스토리지(620)는 프로세서(610)에 의해서 처리될 데이터 및 프로세서(610)에 의해서 처리된 데이터를 저장할 수 있다. 예를 들면, 스토리지(620)는 양자화 범위를 조정하기 위한 양자화 범위의 변화량을 저장할 수 있다. 또한, 스토리지(620)는 포화 비율의 이동평균값을 계산하기 위해, 이전 반복들의 포화 비율들 또는 과거 이동평균값을 저장할 수 있다.The storage 620 may store data to be processed by the processor 610 and data processed by the processor 610 . For example, the storage 620 may store a change amount of the quantization range for adjusting the quantization range. In addition, the storage 620 may store saturation ratios or past moving averages of previous iterations in order to calculate a moving average of saturation ratios.
입출력 인터페이스(630)는 키보드, 마우스 등과 같은 입력 장치를 포함할 수 있고, 디스플레이 장치, 프린터 등과 같은 출력 장치를 포함할 수 있다. The input/output interface 630 may include an input device such as a keyboard and a mouse, and may include an output device such as a display device and a printer.
사용자는 입출력 인터페이스(630)를 통해 프로세서(610)에 의한 프로그램의 실행을 트리거할 수도 있다. 또한, 사용자는 입출력 인터페이스(630)를 통해 목표 포화 비율을 설정할 수 있다.A user may trigger execution of a program by the processor 610 through the input/output interface 630 . Also, the user may set a target saturation ratio through the input/output interface 630 .

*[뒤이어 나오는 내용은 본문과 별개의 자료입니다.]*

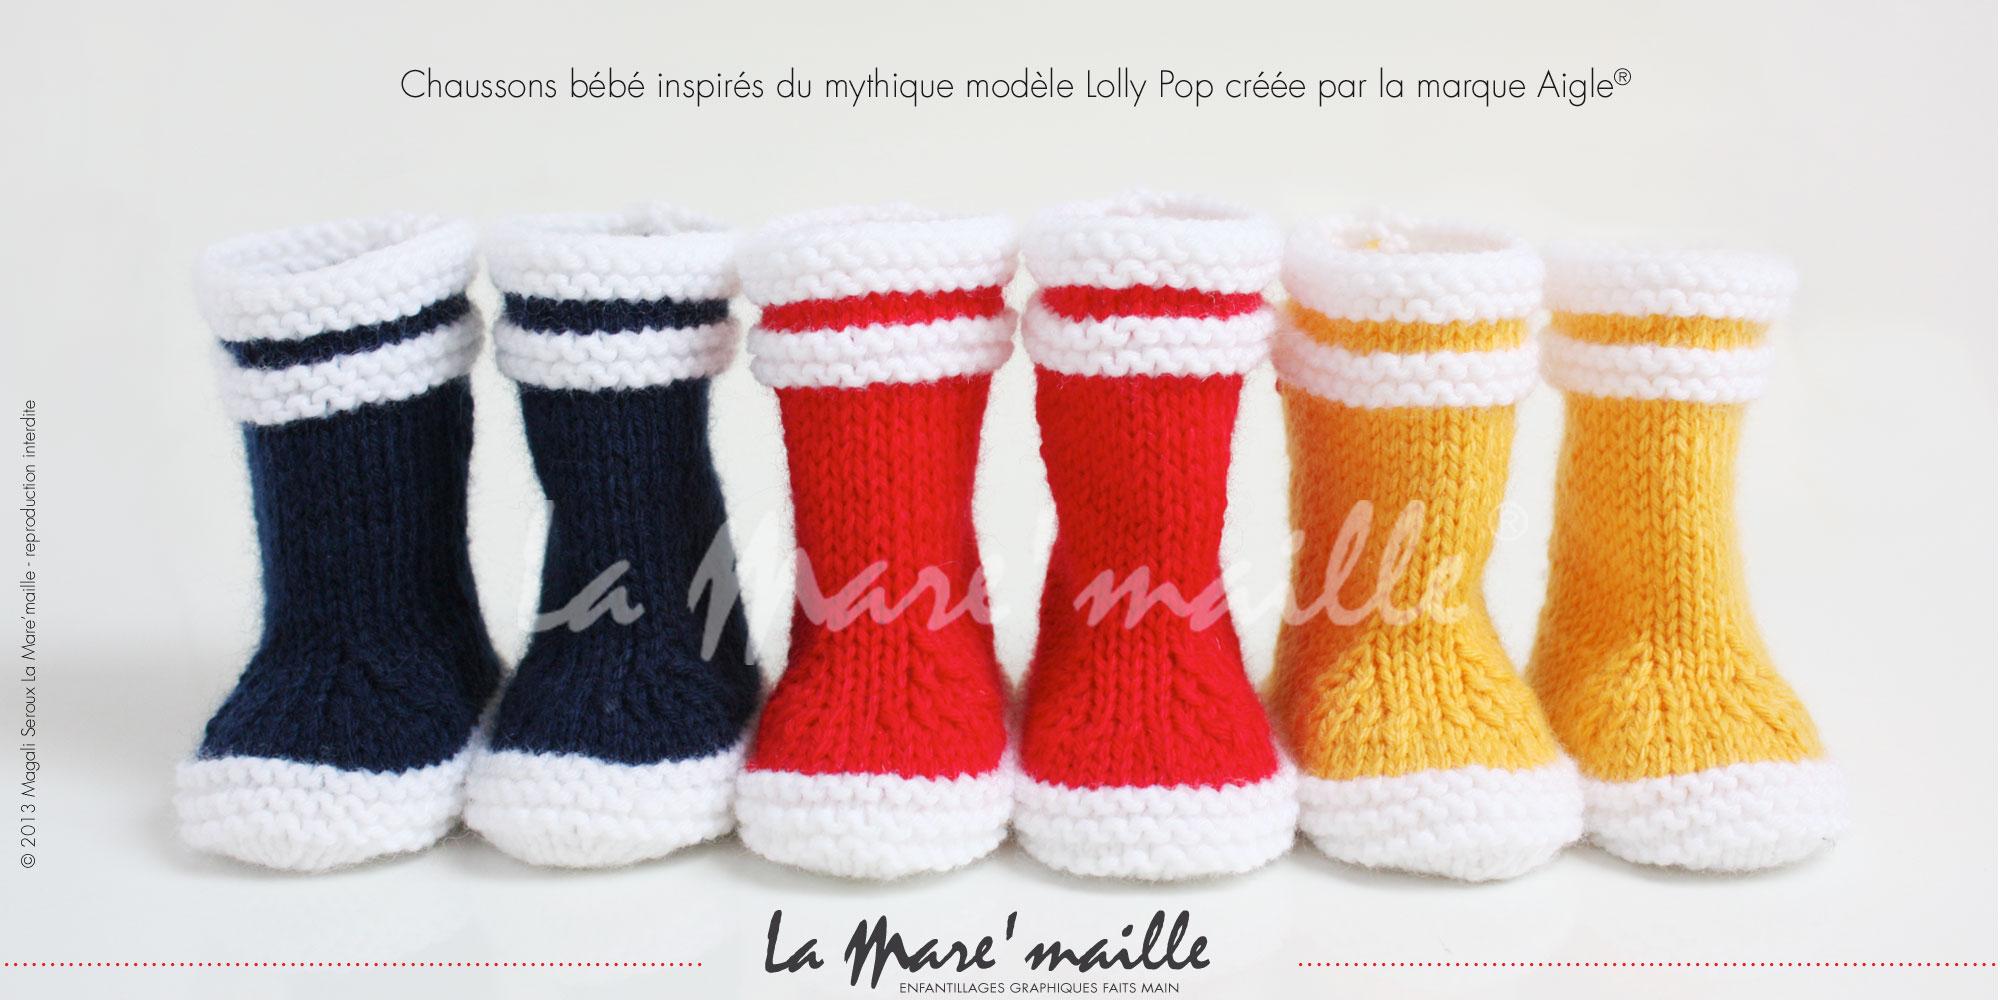 Style Pluie Mare'maille Pour Bébé Chaussons Bottes De La Marin Ib76gyYfv

통신 인터페이스(640)는 외부 네트워크에 대한 액세스를 제공한다. 예를 들면, 범위 결정 장치(60)는 통신 인터페이스(640)를 통해 다른 장치들과 통신할 수 있다. Communications interface 640 provides access to external networks. For example, range determination device 60 may communicate with other devices via communication interface 640 .
한편, 범위 결정 장치(60)는 데스크탑 컴퓨터, 서버, AI 가속기 등과 같은 고정형(stationary) 컴퓨팅 장치뿐만 아니라, 랩탑 컴퓨터, 스마트 폰 등과 같은 휴대용(mobile) 컴퓨팅 장치일 수도 있다. Meanwhile, the range determining device 60 may be a mobile computing device such as a laptop computer, a smart phone, or the like, as well as a stationary computing device such as a desktop computer, a server, or an AI accelerator.
범위 결정 장치(60)에 포함된 관측기와 제어기는 프로세서에 의해서 실행되는 복수의 명령어들의 집합으로서 프로시저일 수 있고, 프로세서에 의해서 접근 가능한 메모리에 저장될 수 있다. Observers and controllers included in the range determination device 60 may be procedures as a set of a plurality of instructions executed by a processor, and may be stored in a memory accessible by the processor.
도 5에서는 과정 S500 내지 과정 S506을 순차적으로 실행하는 것으로 기재하고 있으나, 이는 본 발명의 일 실시예의 기술 사상을 예시적으로 설명한 것에 불과한 것이다. 다시 말해, 본 발명의 일 실시예가 속하는 기술 분야에서 통상의 지식을 가진 자라면 본 발명의 일 실시예의 본질적인 특성에서 벗어나지 않는 범위에서 도 5에 기재된 순서를 변경하여 실행하거나 과정 S500 내지 과정 S506 중 하나 이상의 과정을 병렬적으로 실행하는 것으로 다양하게 수정 및 변형하여 적용 가능할 것이므로, 도 5는 시계열적인 순서로 한정되는 것은 아니다.Although it is described in FIG. 5 that steps S500 to S506 are sequentially executed, this is merely an example of the technical idea of an embodiment of the present invention. In other words, those skilled in the art to which an embodiment of the present invention belongs may change and execute the sequence described in FIG. 5 without departing from the essential characteristics of the embodiment of the present invention, or one of steps S500 to S506. Since it will be possible to apply various modifications and variations by executing the above process in parallel, FIG. 5 is not limited to a time-series sequence.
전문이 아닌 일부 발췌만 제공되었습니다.